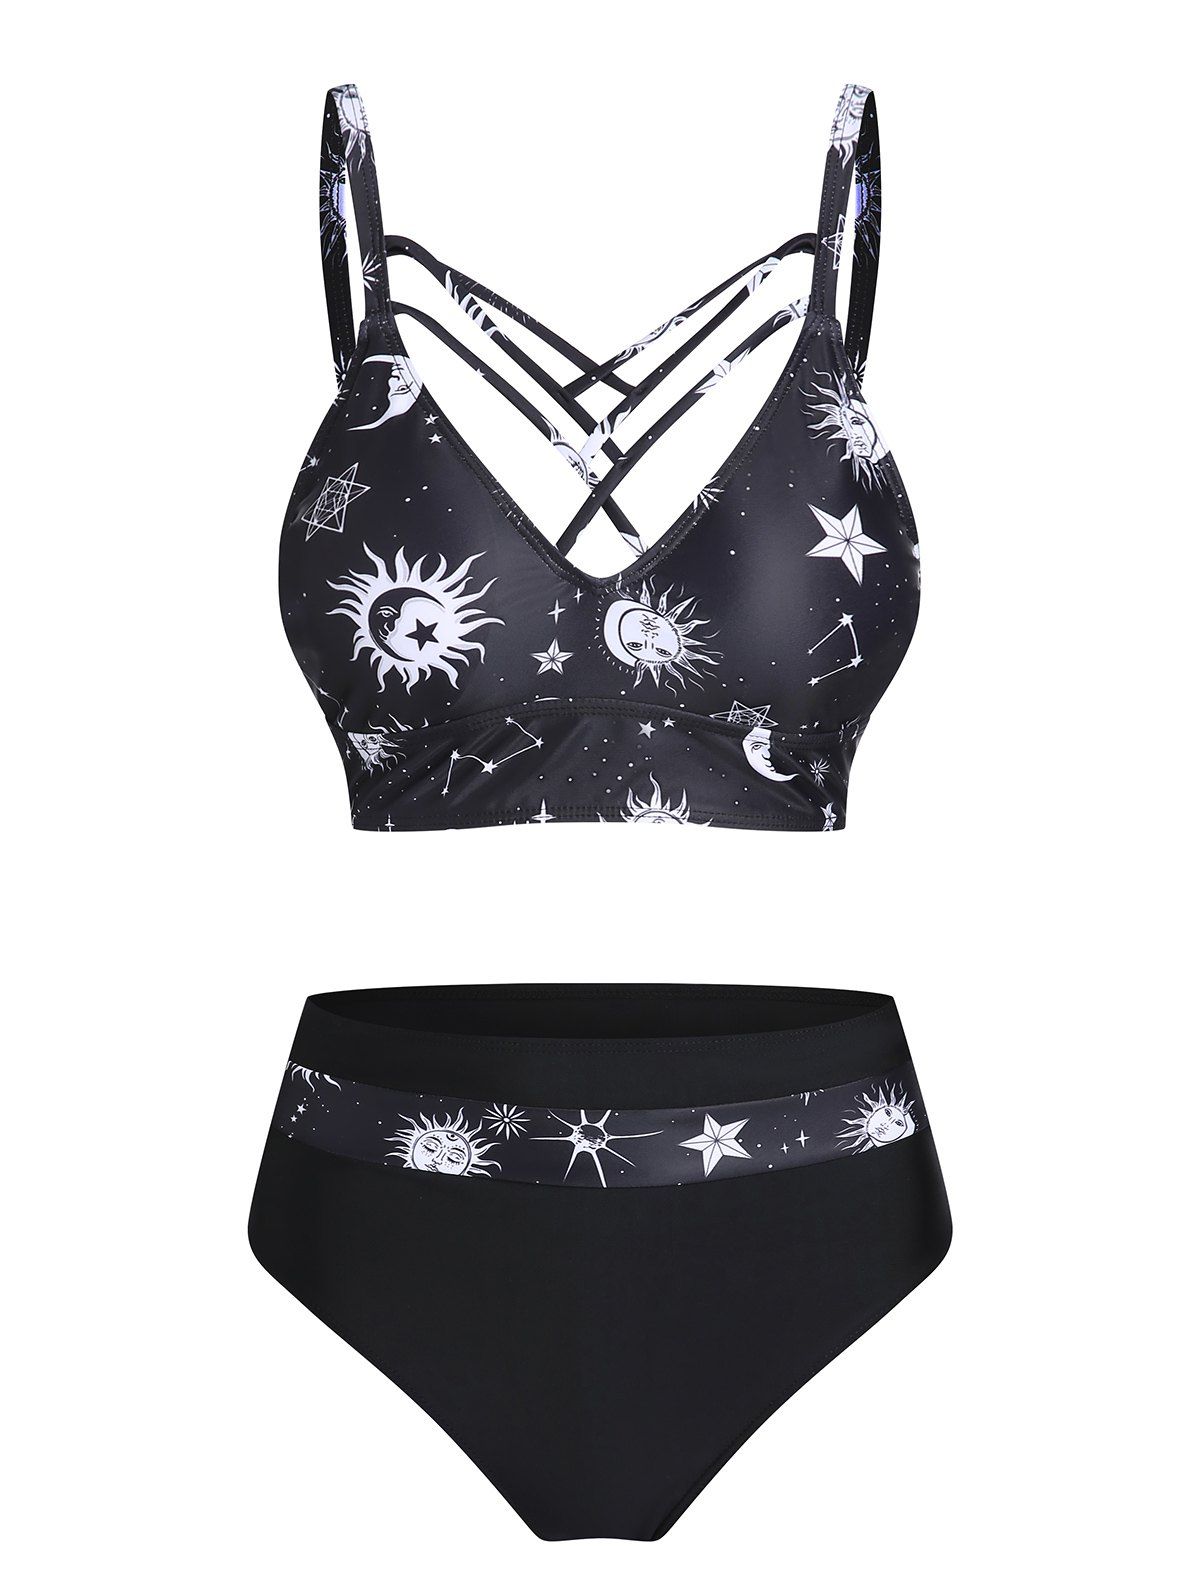 Vintage Swimwear Tummy Control Tankini Swimsuit Sun Moon Print Lattice Strap Summer Vacation Bathing Suit - BLACK XXXL
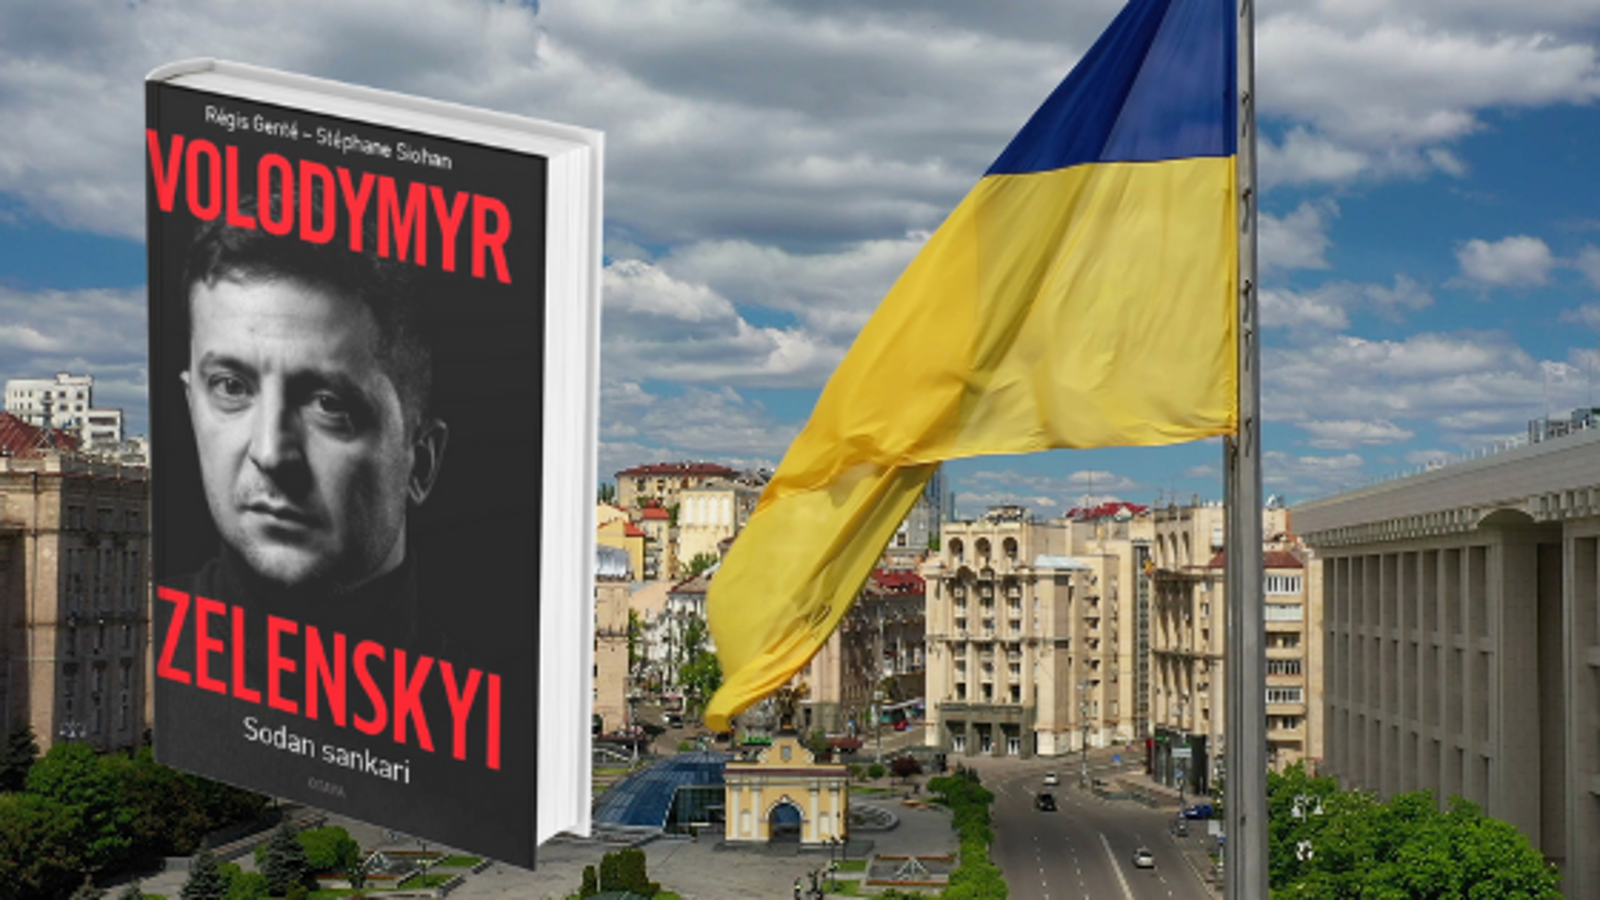 Kuvassa on Zelenskysta kertovan kirjan kansi, jossa on hänen kasvokuvansa kannessa. Oikealla on Ukrainan lippu ja taustalla kaupunkimaisemaa.
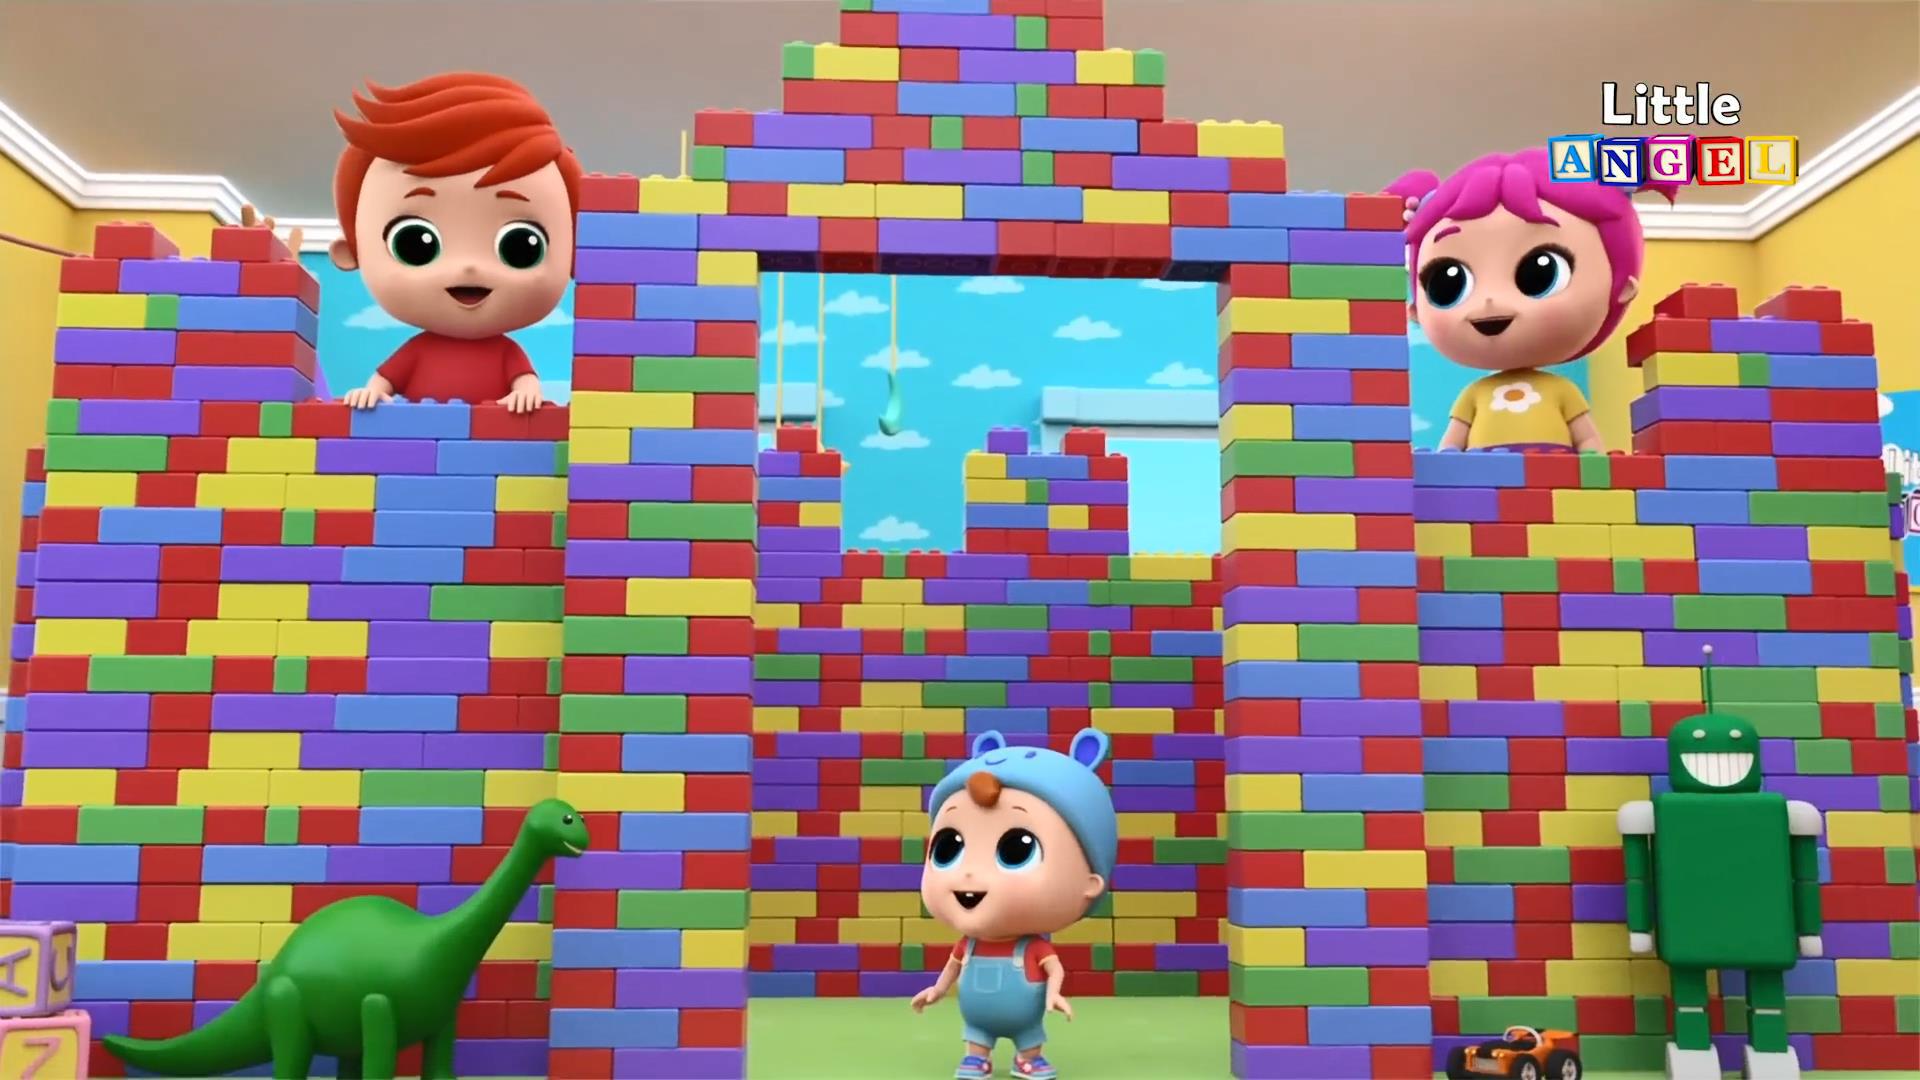 لیتل انجل - Little Angel Playtime with Building Blocks

### [Exercise directions]
The expected answer is the line with "Kuvassa on Zelenskysta" followed by every remaining line of the listing, each restated exactly, with all pictures dropped.

### [Exercise response]
 Kuvassa on Zelenskysta kertovan kirjan kansi, jossa on hänen kasvokuvansa kannessa. Oikealla on Ukrainan lippu ja taustalla kaupunkimaisemaa.
 لیتل انجل - Little Angel Playtime with Building Blocks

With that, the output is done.